Nearly all respondents who are currently on track to meet their retirement savings goals cited some form of financial discipline as a factor in their savings success. For example, 47 percent stressed living within their means as a crucial habit that has allowed them to squeeze more out of their income and devote to savings. Another 46 percent said they have drastically reduced their debt, while 33 percent have overhauled their spending habits. Twenty-three percent paid off their mortgage to free up a sizable percentage of their income.
In addition to being more disciplined about their money management, 72 percent said they contribute as much as possible to their employer-sponsored retirement fund, and 62 percent save in addition to these accounts.
“Clearly, the lesson is: work and save more now while you are in your prime earning years so that you have the option of not working at all during retirement,” said Stephen Pappaterra, head of wealth planning for PNC. “A pattern of making good decisions, planning and sticking to the plan is a theme repeated throughout the survey.”

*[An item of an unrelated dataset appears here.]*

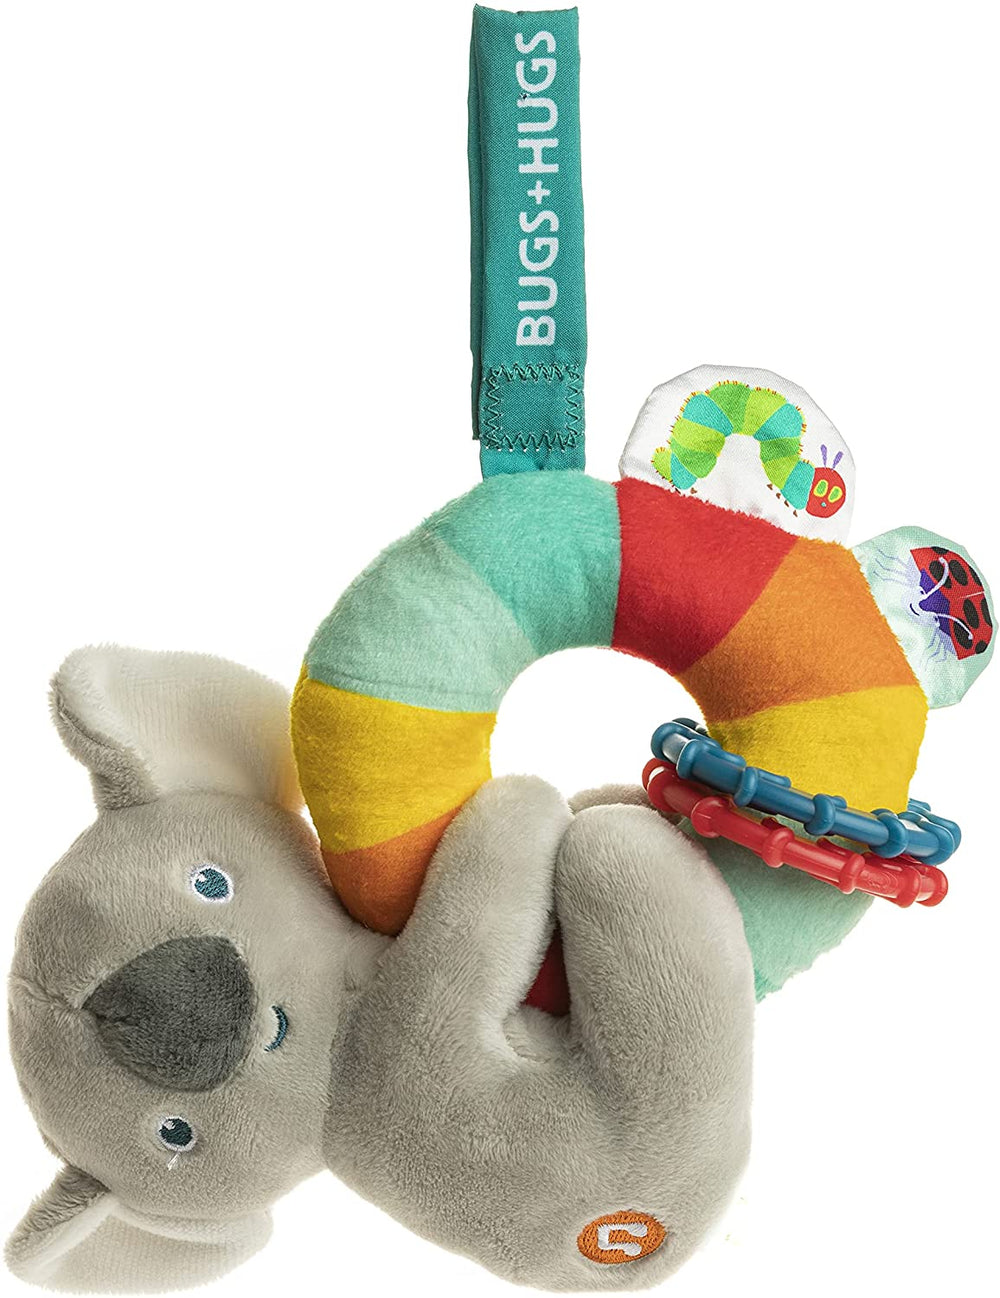 World of Eric Carle Koala Activity Toy

It’s important to recognize that there are several different actions to take when it comes to planning for retirement. While putting some income away each pay period is necessary to start amassing wealth, it’s equally important to get a handle on unnecessary debt and curb wasteful spending. Individuals who are unsure how to begin planning for retirement should consider consulting a credit counselor or financial adviser to develop a savings and debt management program.